我认为这里还有一个非常有趣的机会,就是注入领域专长或者你自己的智慧。我非常感激,因为我觉得你在分享一些线索,指出了许多这个技术刚刚开始的领域。我是说,几乎走进任何一家公司,人们都还没意识到刚刚发生了什么。实际上,他们仍在重复那些陈旧的观点,比如“你最好进行微调”之类的话。这些想法根本没有连接到我们每天看到的那些创业公司和创始人如何为用户创造事物的实际情况。
What I'm kind of glad for is that we get to actually share this news, like this knowledge because like even the things we talked about, you know, hey, you probably do e-vals. Like there's a lot of alpha and getting to 100 percent, not just 70 percent. These are sort of the breadcrumbs that will actually go on to create all of the billion dollar companies, maybe thousands of them actually. We hope so. I mean, I think that you're about to see a lot of other fields like law really level up when you don't have to spend, you know, millions of dollars in six months, literally in a basement reading document by document by document.

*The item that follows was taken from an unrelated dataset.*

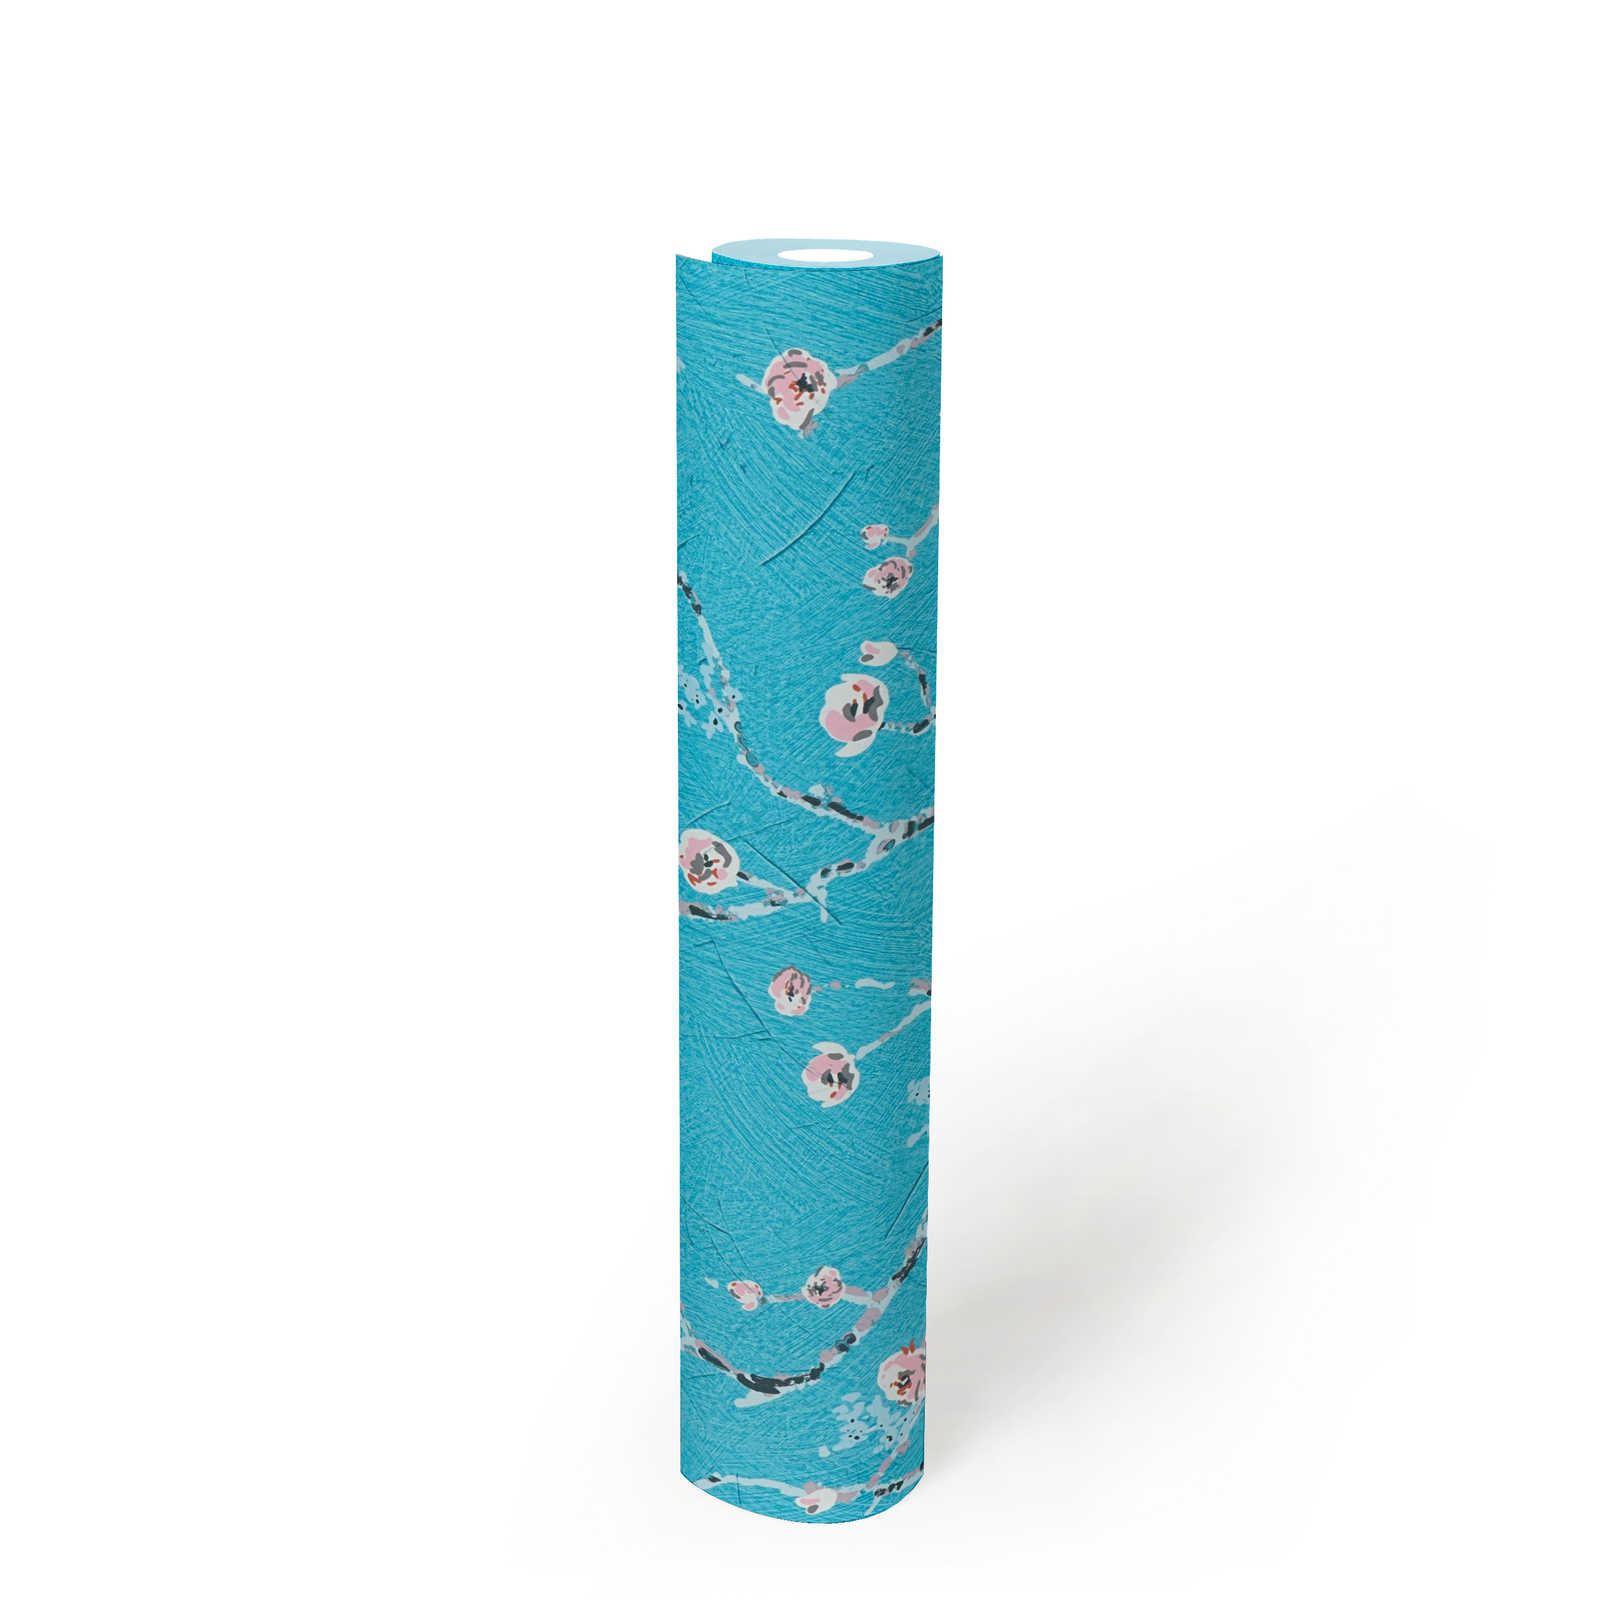             Blue wallpaper with cherry blossom pattern in Japan style

我感到欣慰的一点是我们能够实际分享这个消息和这些知识。就像我们讨论过的一些事情,例如,你可能会进行评估。实现100%的成功,而不仅仅是70%,正是这些关键线索将会帮助创立所有市值达到数十亿的公司,也许实际上有成千上万这样的公司。我们对此充满希望。我认为你将会看到很多其他领域,比如法律,将会真正提升。当你不必在地下室逐页阅读文件,并在六个月内花费数百万美元时,这些领域会有很大的进步。
Right. When you actually can just get past that and get just the results. Now you're thinking strategically and intelligently and the unlock for these companies, I mean, they currently pay again, millions of dollars in salaries for these jobs to be done, each of them. Right. So for any company to come out with a AI that can do even 80 percent of that, the value is really there. And I just want to encourage people to not kind of give up based on those tropes, right? Like, Oh, it hallucinates too much. It's too inaccurate. It's too whatever.
好的。当你真正能够超越那些障碍,只关注结果时,你就在战略性和智能性地思考。这些公司现在每年都花费数百万美元的工资来完成这些工作。想想如果有一家公司能够推出一款人工智能,即使只完成80%的工作,它的价值已经显而易见。我想鼓励大家不要因为一些常见的说法就放弃,比如“它出错太多”或者“它不够准确”等等。
There's a, for example, if anything, it's like there's a path and you can do it. And there's some good news in that, you know, what the jobs aren't going to go away. They'll just be more interesting. That's what I think. Yeah. Well, with that, we're out of time, but Jake, thank you so much for being with us. Thanks for having me. See you guys next time.
例如,有一条路,你可以做到。而且有个好消息,那就是工作不会消失,只是变得更有趣。这就是我的看法。好的,时间到了,Jake,非常感谢你和我们在一起。谢谢你邀请我。下次再见。